Eleanor Sybil Ross, Dean of Women, was the brilliant architect of Middlebury's Women’s College. She presided over its growth for twenty-nine years, more than doubling its size. She created its atmosphere, and left the imprint of her ideals on generations of Middlebury women.
Born in Rutland, Vermont, on June 25, 1874, and prepare for college there, she graduated from Middlebury College in June 1895, A.B. Phi Beta Kappa. She taught English and Latin in high schools in Pennsylvania and Idaho, and in Rutland for ten years. President John Thomas brought her to Middlebury in 1914, first for a year teaching English, and then as Dean of Women until her retirement in 1944.
This was a period of tremendous activity in the nation—two world wars, the Great Depression, women’s suffrage, prohibition, and—on campus—three presidents, multiplying enrollments, dormitory expansion, the S.A.T.C. and Navy V-12 units, and wartime schedules. All these created many complex problems, including problems in the lives of the women on campus.
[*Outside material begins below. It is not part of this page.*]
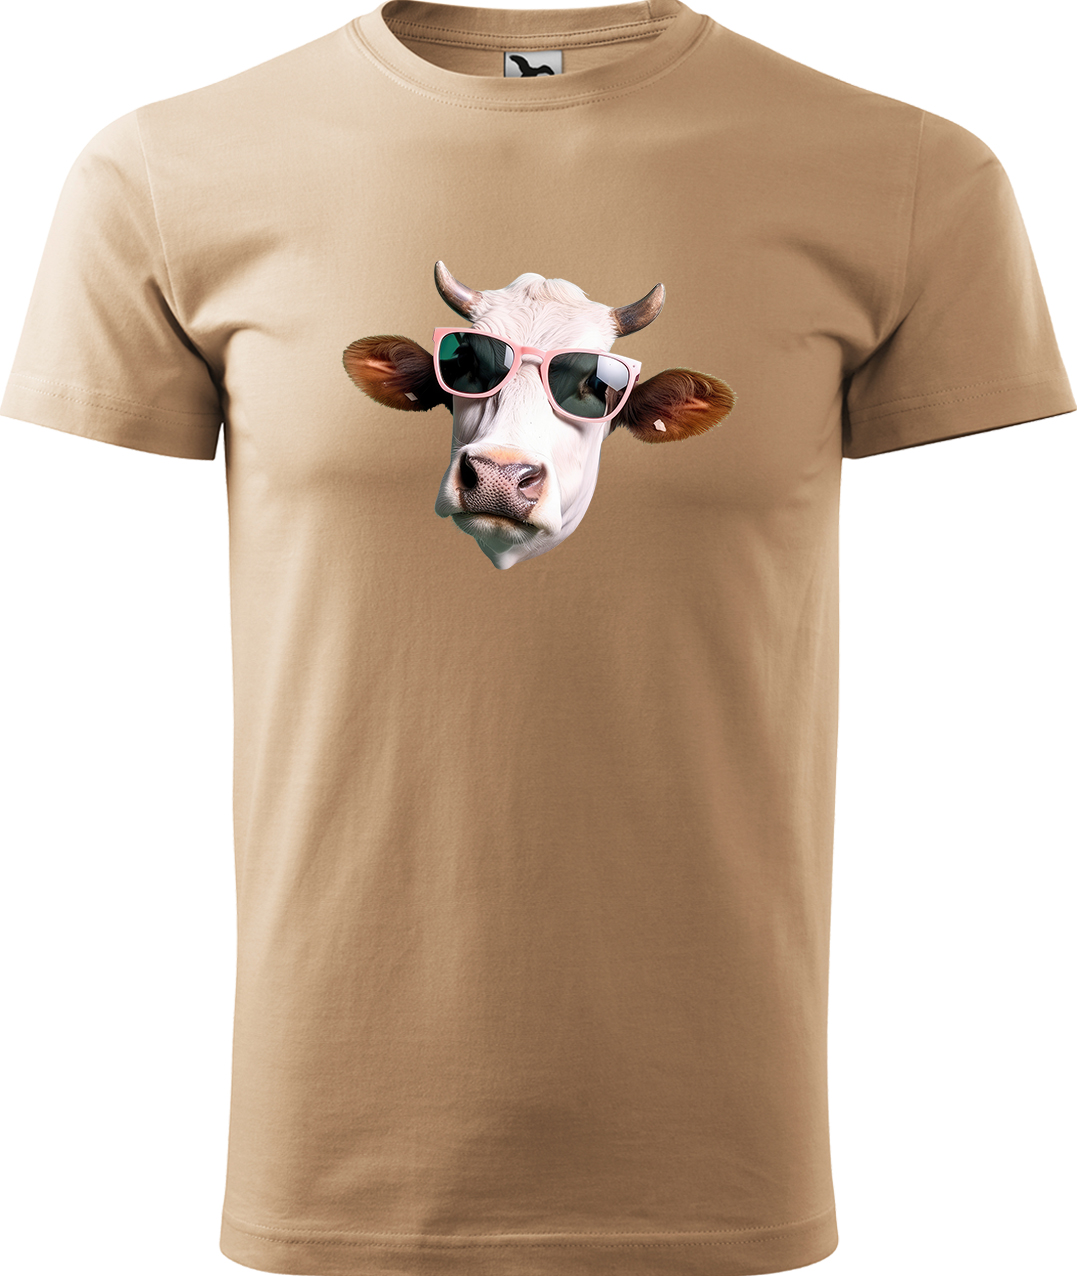 Pánské tričko s krávou - Kráva v brýlích Velikost: XL, Barva: Písková (08), Střih: pánský

Dean Ross set for the College and for her role in it an ideal of Victorian gentility, standards of highest morality, of proper and exemplary conduct, coupled with high academic achievement. She set it as her task to require these strict standards of all whom she touched. She was stately, statuesque, lovely to look at; but no one ever thought of calling her “Eleanor.” She was “Miss Ross” to everybody. She kept that distance, somewhat intentionally.
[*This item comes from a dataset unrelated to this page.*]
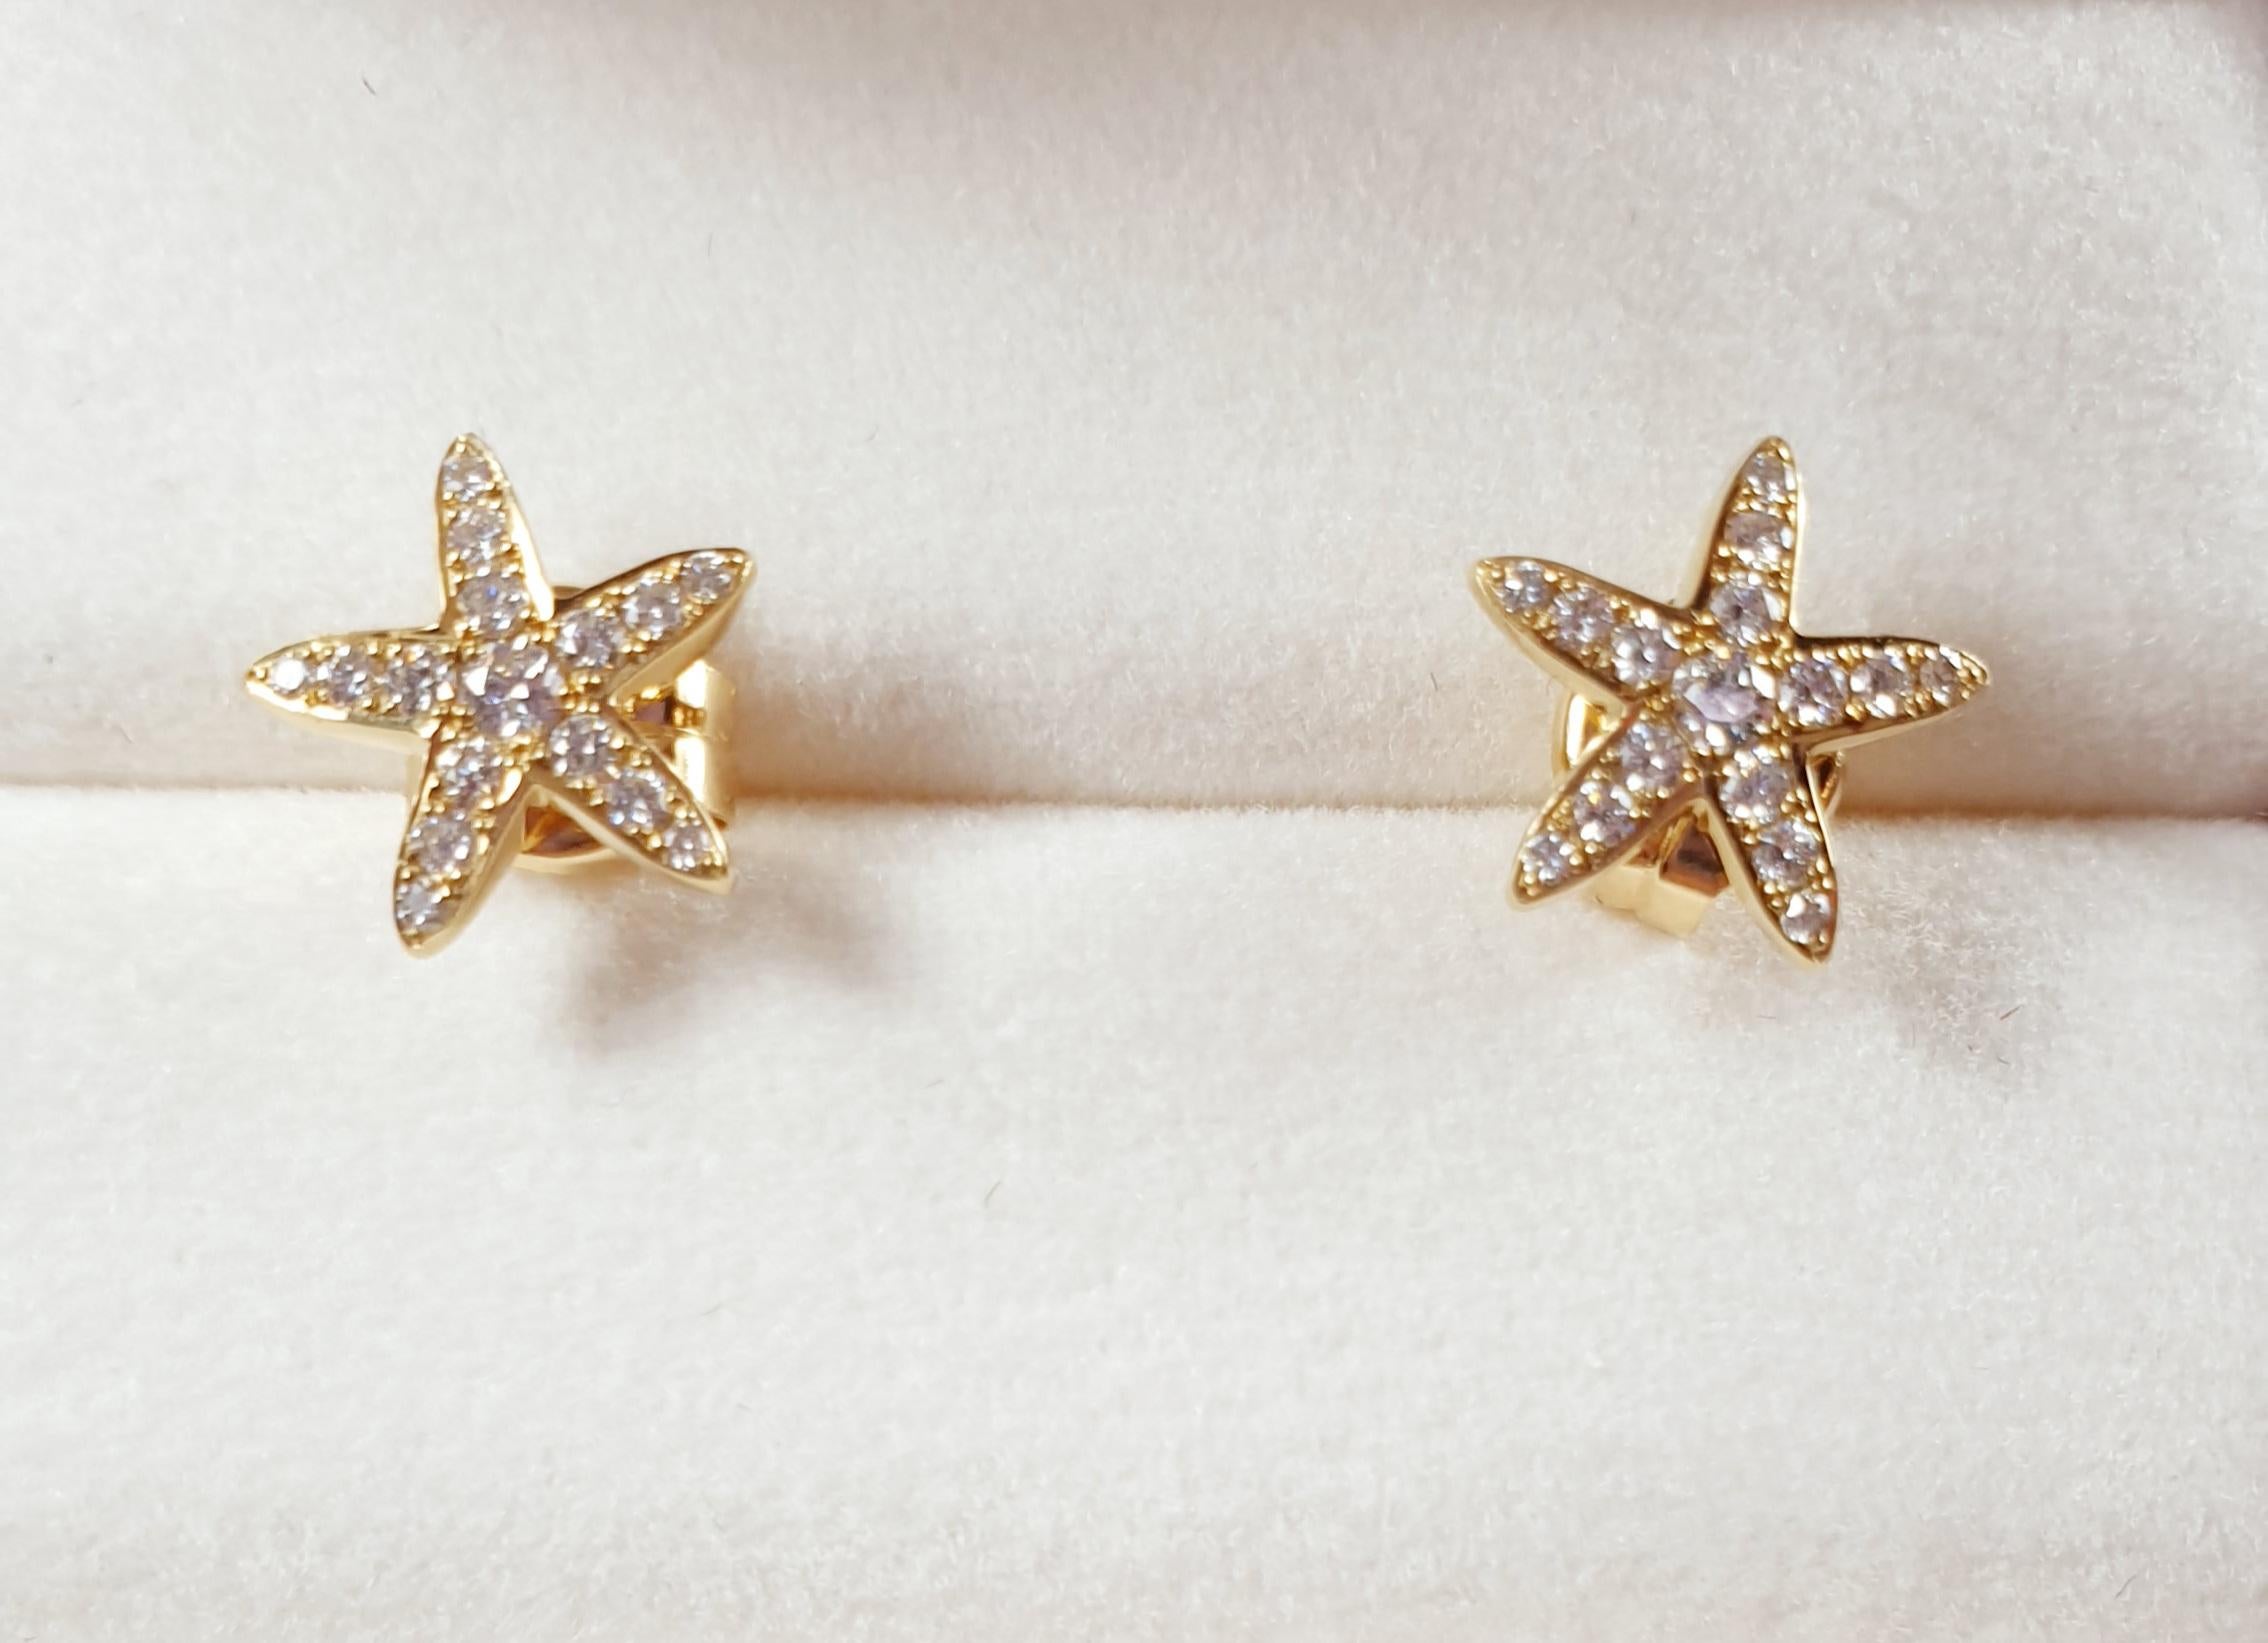 La collection Sea Star, inspirée des couleurs de la mer Méditerranée...
Options 2 couleurs or jaune et or blanc
◘ Chaque création d'Irama Pradera Jewels est faite à la main
◘ 15 -0.01ct et 1 -0.025ct total 0.175ct diamants blancs (VS, G-H)
◘

Stories of her strict discipline are legendary. Two freshmen couples in early October went for a Sunday afternoon ride in a horse-drawn surrey, and were late for chapel—a double offense. The girls were “campused” until Thanksgiving—restricted to campus with the loss of all social privileges, even the telephone. A group of girls had a marshmallow roast after hours on the fourth floor fire-escape of Pearsons Hall. Discipline followed. All girls were required to be in their rooms by 10:00 P.M. A common crime was to slip out the back door early without signing out, and then crawl back in a window after hours. A subsequent summons to Dean Ross’ office struck terror.
Dean Ross was much more interested in encouraging academic achievement. Many a student, frightened by a summons, got a lecture on her grades, her study habits, and then strong encouragement for her ability to improve. Since the faculty was almost entirely male, the women students needed support in class participation, and Dean Ross provided that.
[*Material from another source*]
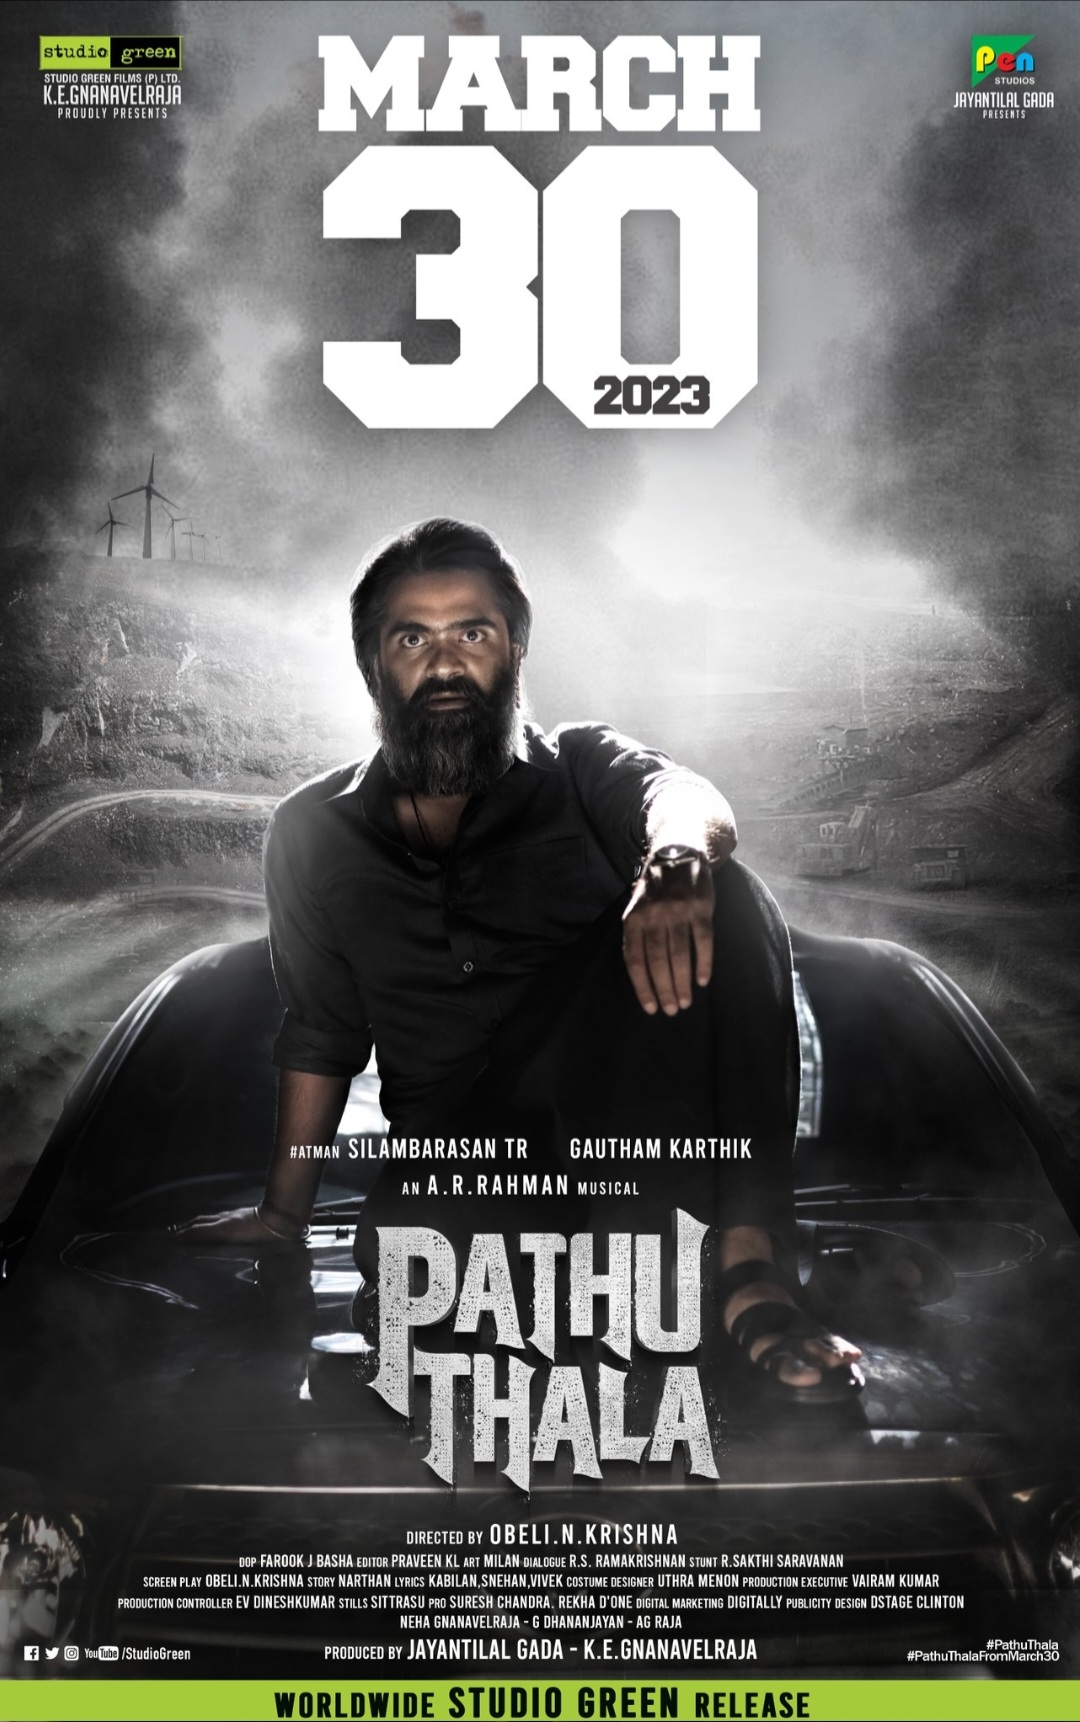 ดูหนังออนไลน์ฟรี ดูหนังฟรี Pathu Thala 2023

Eleanor Ross was above all a well-balanced person. Officially she was the essence of administrative dignity. But she was deeply human, with great personal compassion, and a great sense of humor perhaps too often concealed. An official scolding was frequently followed by an encouraging smile, a twinkle in the eye, and the warm assurance that she was your friend.
Miss Ross retired as Dean of Women in 1944, continuing to live in Middlebury. She had been awarded the honorary M.A. in 1927; in 1943 she was decorated with the degree of Doctor of Pedagogy. Former President Thomas, during whose term she had served for six years, was now a widower. He persuaded her to marry him in 1949, and she moved to his home in Mendon, Vermont. She died in 1953, a year after his death.
Dean Eleanor Ross was the true creator of our Women’s College.
Transcribed from a brochure by Stephen A. Freeman,
Vice President Emeritus and Professor Emeritus of French.